Dalam kesempatan tersebut, Koster juga menegaskan bahwa perhatian besarnya terhadap sektor pendidikan lahir dari pengalaman hidupnya sendiri. Ia mengaku tidak ingin ada anak-anak desa di Bali yang putus sekolah hanya karena tidak memiliki biaya.
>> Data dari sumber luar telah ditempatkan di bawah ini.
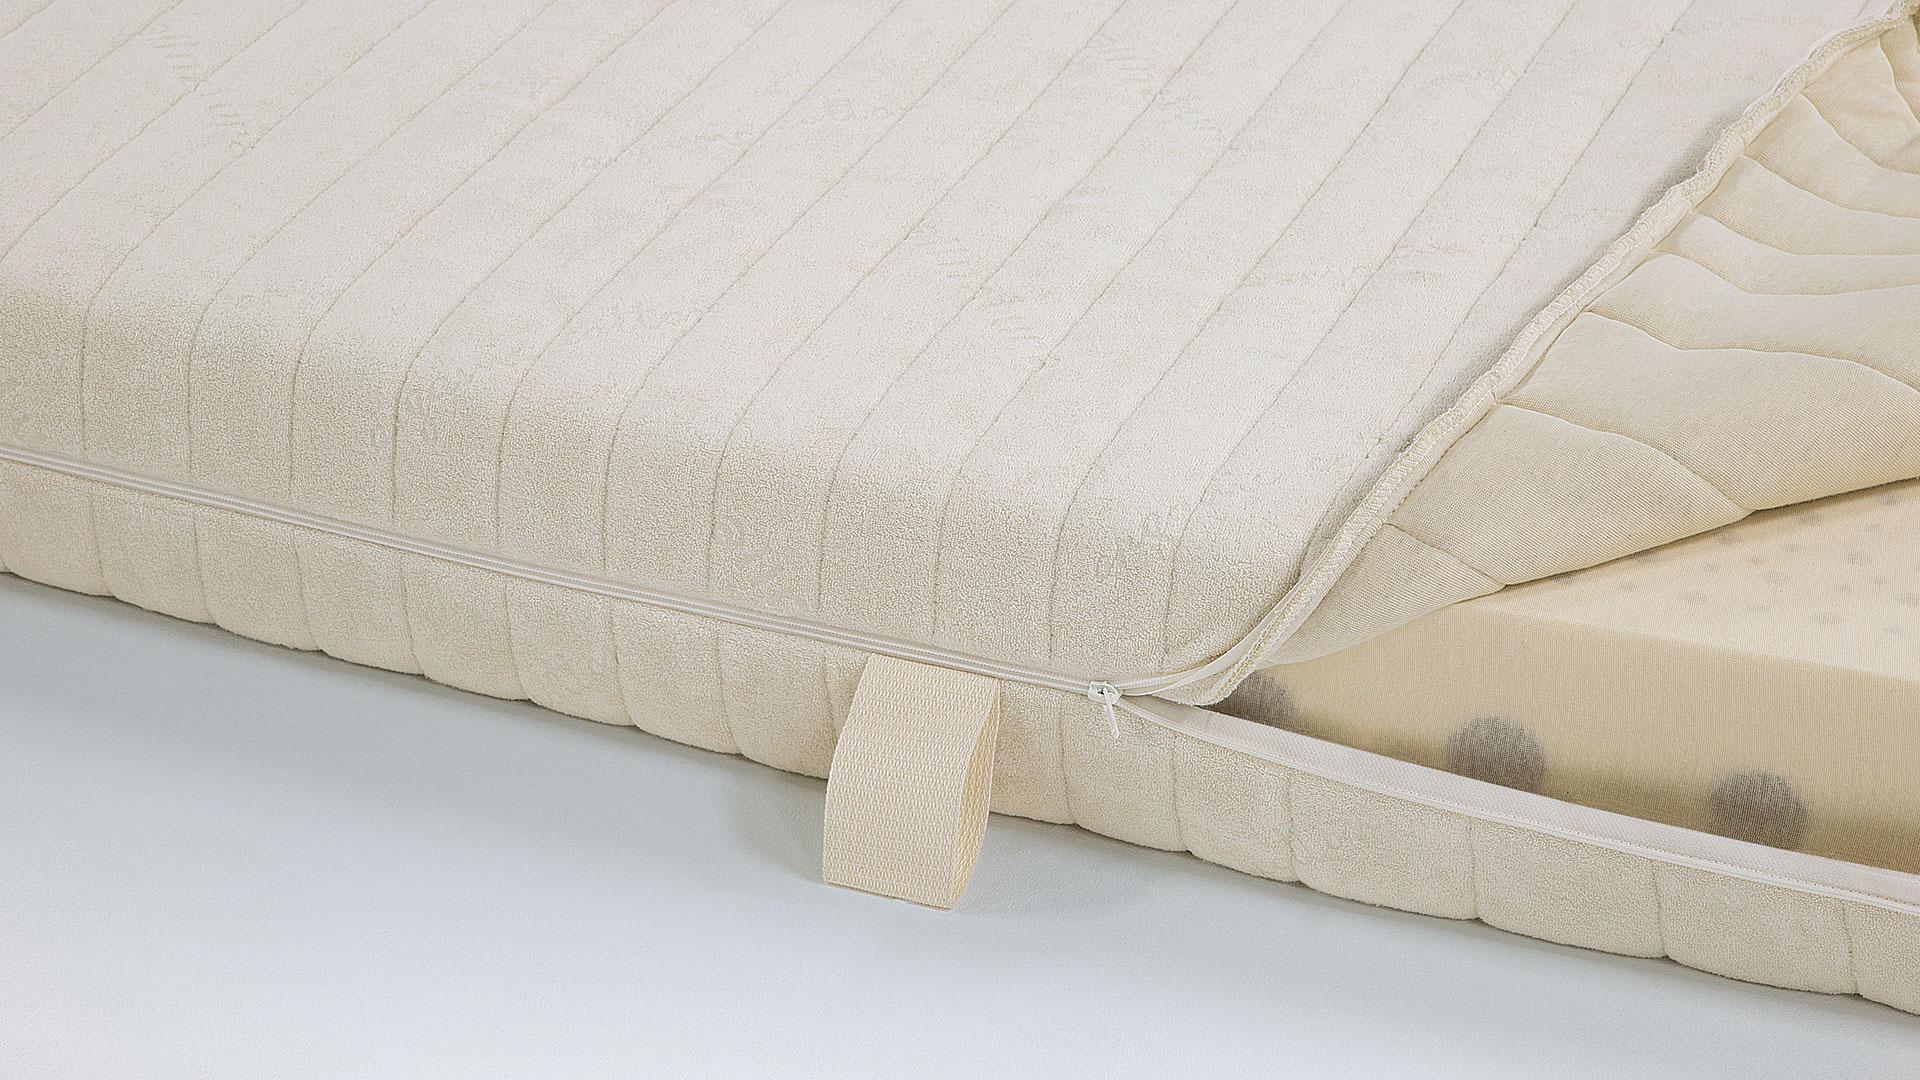 Vorschau Naturlatex Matratze Supra Comfort Unterbezug Aus Baumwoll Feinjersey Trikot

Karena itu, saat menjadi anggota DPR RI, dirinya aktif memperjuangkan berbagai kebijakan pendidikan nasional, mulai dari Bantuan Operasional Sekolah (BOS), bantuan siswa miskin, hingga penyusunan regulasi kesejahteraan guru dan dosen yang melahirkan tunjangan profesi guru.
“Guru-guru sekarang yang mendapat tunjangan profesi itu lahir dari perjuangan panjang. Dari nol menyusun konsepnya,” kata Koster.
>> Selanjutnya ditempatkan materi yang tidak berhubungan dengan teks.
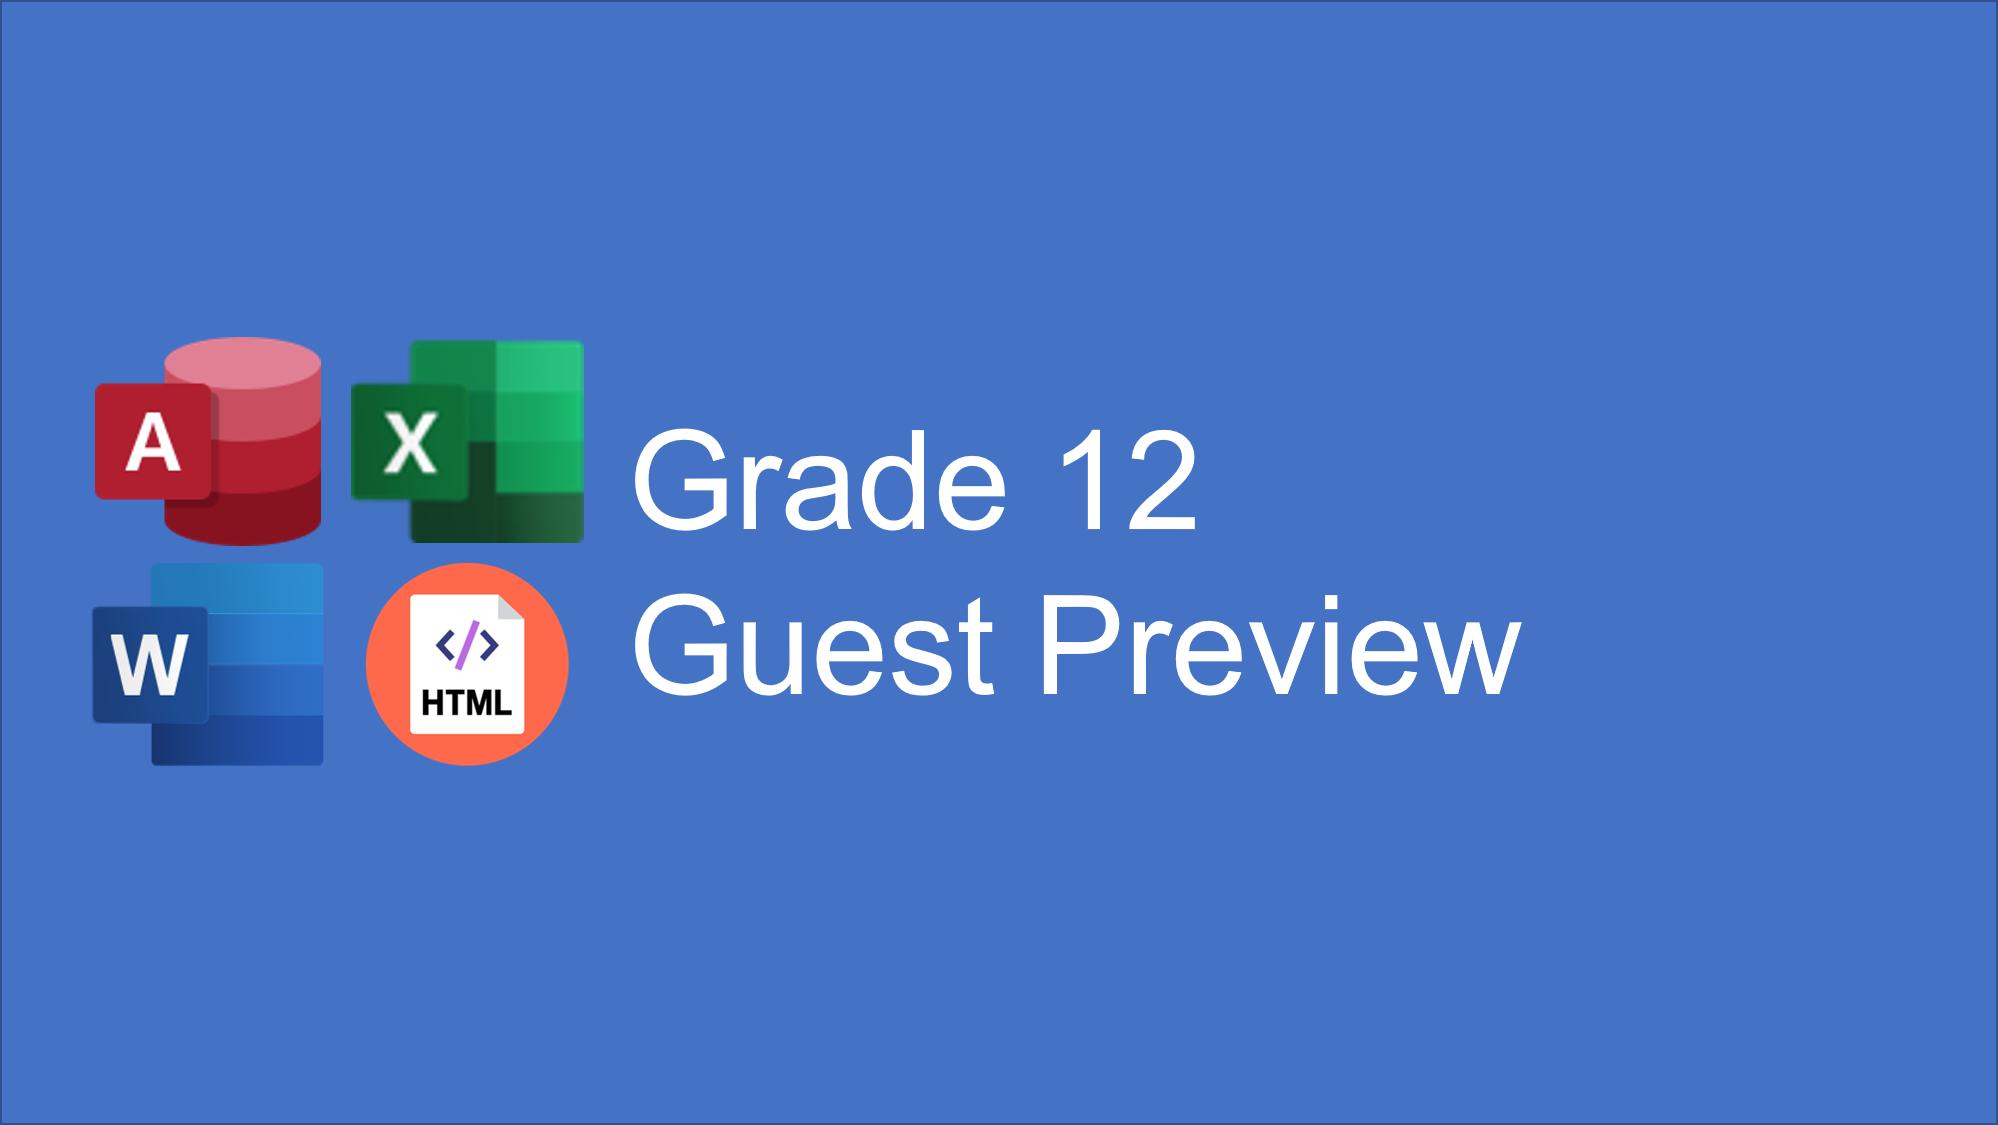 Grade 12 CAT Guest Preview

Menurutnya, pendidikan merupakan jalan utama memutus rantai kemiskinan dan membangun masa depan bangsa. Ia juga menekankan pentingnya pemerataan akses pendidikan di Bali, termasuk perjuangannya menghadirkan minimal satu SMA dan satu SMK di setiap kecamatan.
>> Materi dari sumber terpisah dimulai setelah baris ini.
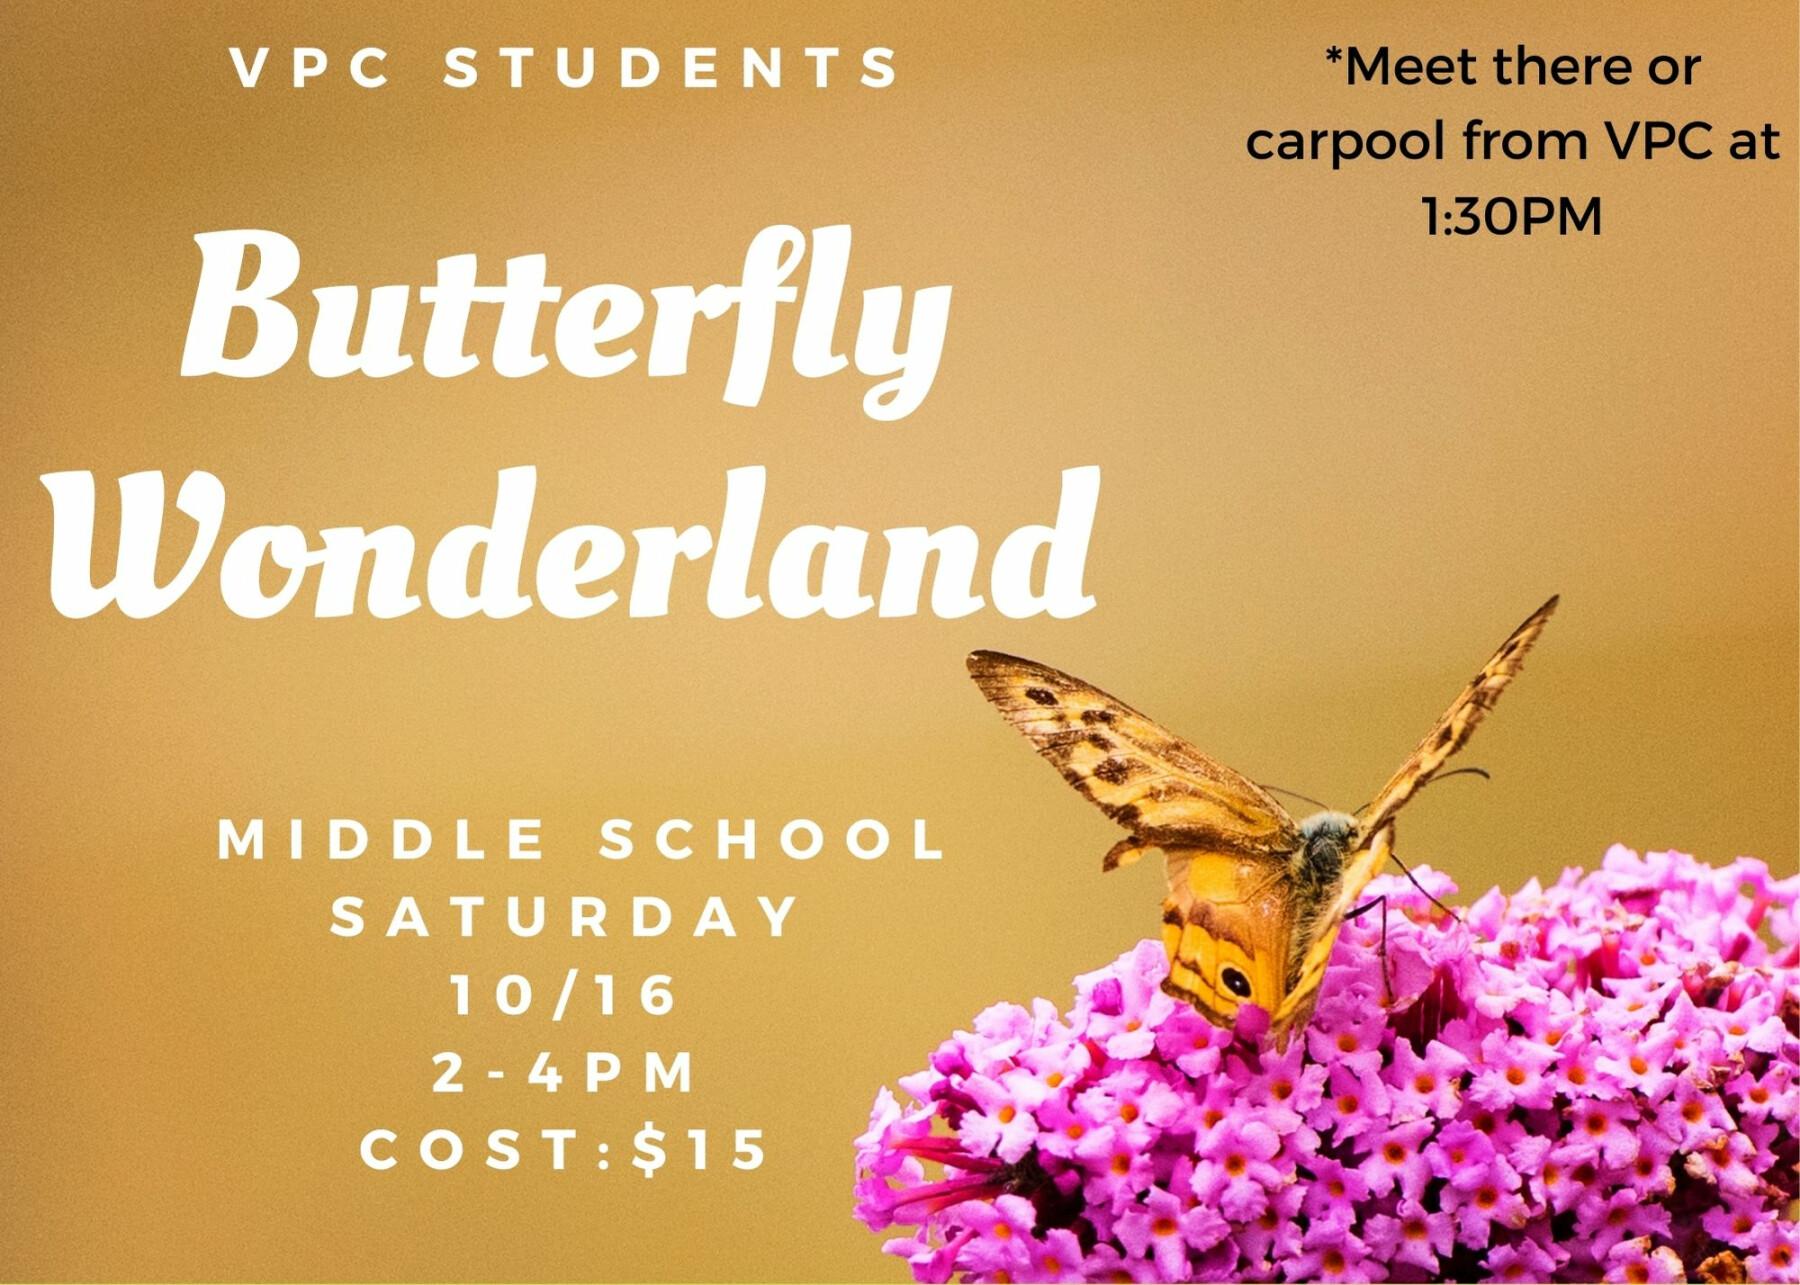 VPC Middle School: Butterfly Wonderland

Koster menyebut pembangunan sekolah di desa bukan sekadar pembangunan fisik, melainkan investasi jangka panjang membangun sumber daya manusia Bali yang unggul dan berdaya saing global.
Dalam arahannya kepada siswa, Koster memberi motivasi agar generasi muda Bali tidak minder berasal dari desa. Ia menilai lulusan SMK kini memiliki peluang besar bekerja di dunia internasional, terutama di sektor pariwisata dan hospitality.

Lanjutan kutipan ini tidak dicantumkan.